Identity & Security

Protecting your GCP infrastructure at scale with Forseti Config Validator part three: Writing your own policy

No two Google Cloud environments are the same, and how you protect them isn’t either. In previous posts, we showed you how to use the Config Validator scanner in Forseti to look for violations in your GCP infrastructure by writing policy constraints and scanning for labels. These constraints are a good way for you to translate your security policies into code and can be configured to meet your granular requirements. And because policy constraints are based on Config Validator templates, it’s easy to reuse the same code base to implement similar, but distinct constraints.

In this post, you’ll learn how to write your own custom template (and test it with sample constraints) to get you started writing your own security policies as code.

A closer look at template constraints 

First, let’s examine a sample constraint that implements the GCPStorageLocationConstraintV1 template. This template lets you define where in your cloud environment your Cloud Storage buckets should live.

Let’s take a look at this constraint:

  apiVersion: constraints.gatekeeper.sh/v1alpha1
kind: GCPStorageLocationConstraintV1
metadata:
 name: allow_some_storage_location
spec:
 severity: high
 match:
   target: ["organization/*"]
 parameters:
   mode: "allowlist"
   locations:
   - asia-southeast1
   exemptions: []

As you can see, this constraint implements the GCPStorageLocationConstraintV1 template (kind). Here is what we can tell from this constraint file:

  • Its name is allow_some_storage_location. This is what will show in your reports for each identified violation.

  • The violations it raises will be marked as high.

  • It applies to the entire organization (target)

  • It has three parameters (mode, locations and exemptions).

Another important point is the target object for the constraint. This lets you specify the resources that should comply with this constraint in your organization hierarchy. In this example, all resources should comply with the constraint, but in some cases you may want to limit the folders and/or projects resources that should be affected by it. 

You can specify more than one target (array), and in the same logic, you can use the exclude object to specifically prevent the constraint from targeting certain resources.

Now, what about templates?

Let’s keep digging into this example and look at the GCPStorageLocationConstraintV1 template. For simplicity, it’s divided into two main parts.

GCPStorageLocationConstraintV1 Template (top part):

  apiVersion: templates.gatekeeper.sh/v1alpha1
kind: ConstraintTemplate
metadata:
 name: gcp-storage-location-v1
spec:
 crd:
   spec:
     names:
       kind: GCPStorageLocationConstraintV1
       plural: gcpstoragelocationconstraintsv1
     validation:
       openAPIV3Schema:
         properties:

Here you can see that there are several top-level keys that describe the template. The most important ones to focus on at this point are:

  • kind: A description of a constraint template

  • metadata > name: the template’s common name

  • spec: Documentation for your specific template.
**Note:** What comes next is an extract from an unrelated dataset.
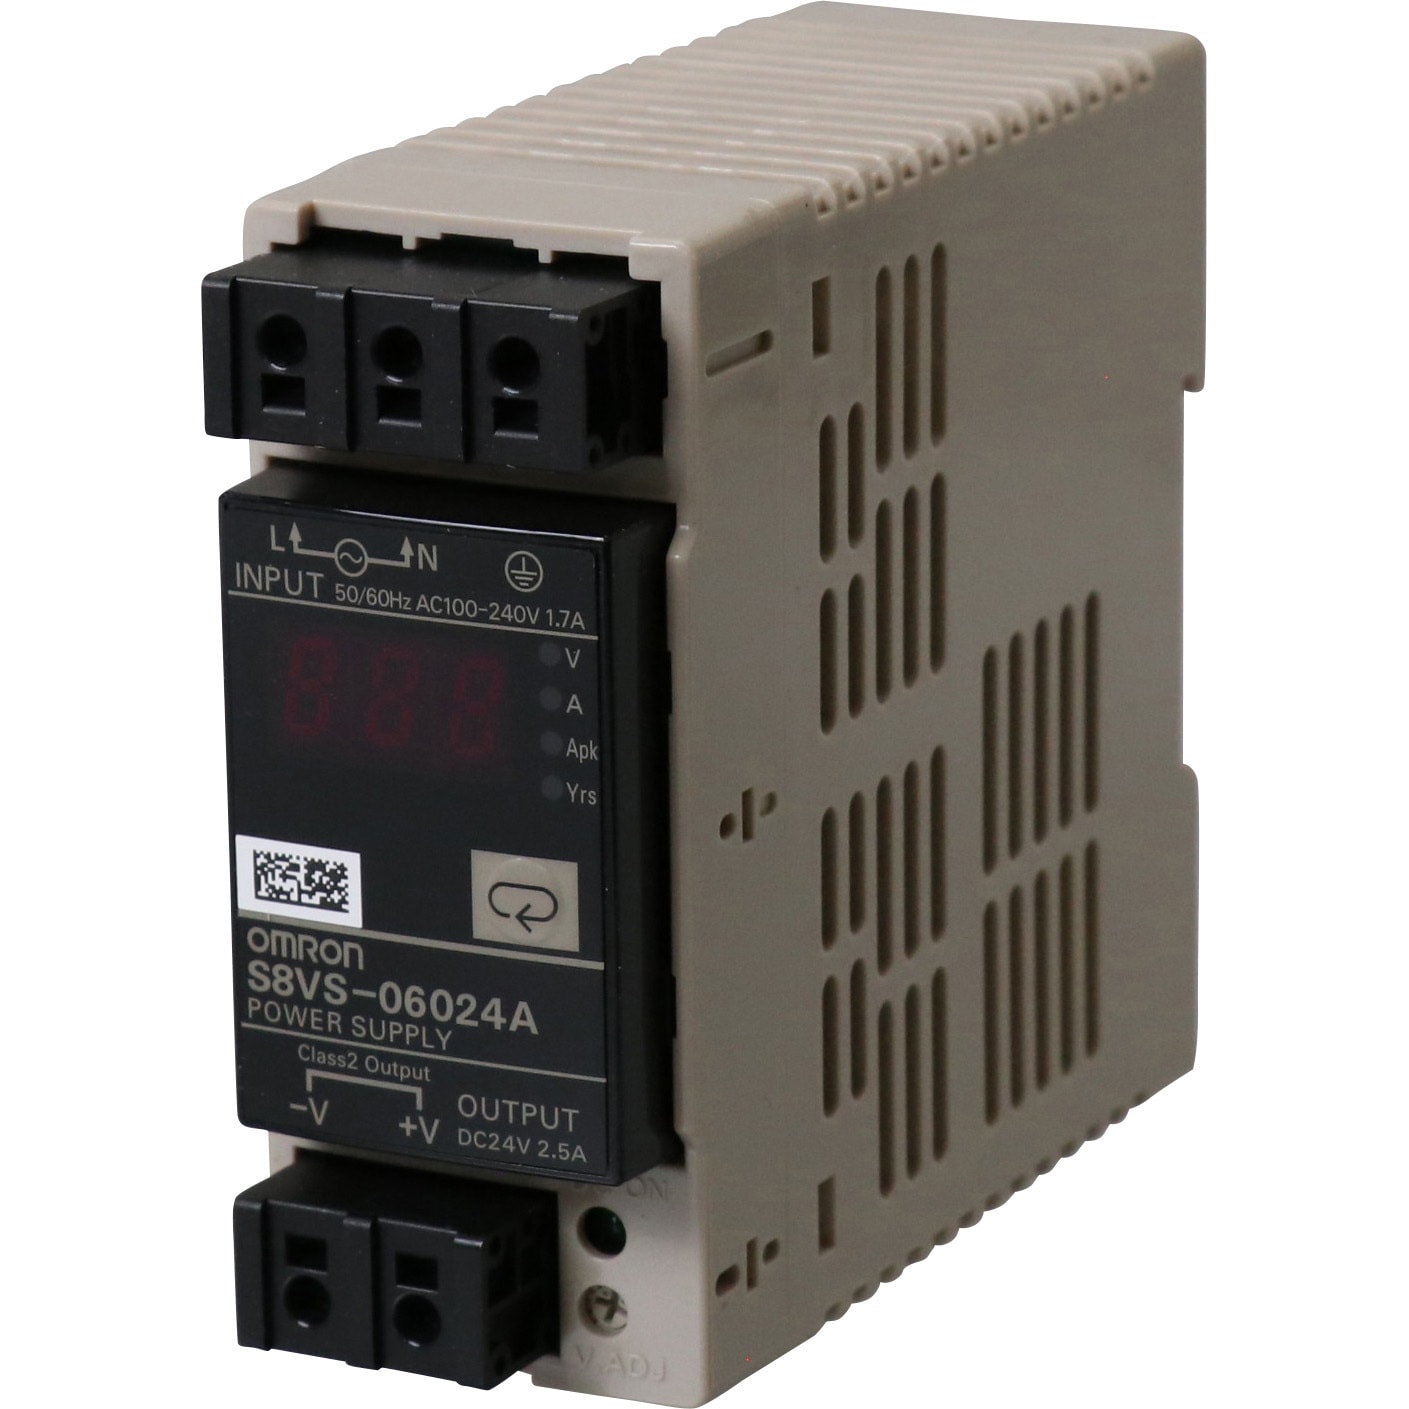 OMRON(オムロン) スイッチング パワーサプライ S8VSタイプ S8VS-12024A - 5

  • spec > names > kind and spec > names > plural - which template to use (kind in your constraint file)

  • spec > validation > openAPIV3Schema > properties - Location of your template’s parameters. If no parameters are needed, use {} as the value.

Now let’s take a look at how to define your parameters in this template file (again, under the properties section):

  validation:
       openAPIV3Schema:
         properties:
           mode:
             type: string
             enum: [denylist, allowlist]
             description: "String identifying the operational mode,allowlist or denylist. In allowlist mode,datasets are only allowed in the locations specified in the 'locations' parameter. In denylist mode, resources are allowed in all locations except those listed in the 'locations' parameter."
           exemptions:
             type: array
             items: string
             description: "Array of storage buckets to exempt from location restriction. String values in the array should correspond to the full name values of exempted storage buckets."

You can use the open API v3 format to describe your parameters, meaning that you can be quite precise about them. Here for instance, you can see that:

  • The first parameter is “mode”, which is a string and more specifically an enum (fixed list of valid values). Its value can either be “denylist” or “allowlist”. Note that there is no default values specified, so you should always pass a value when using this template, just to be safe.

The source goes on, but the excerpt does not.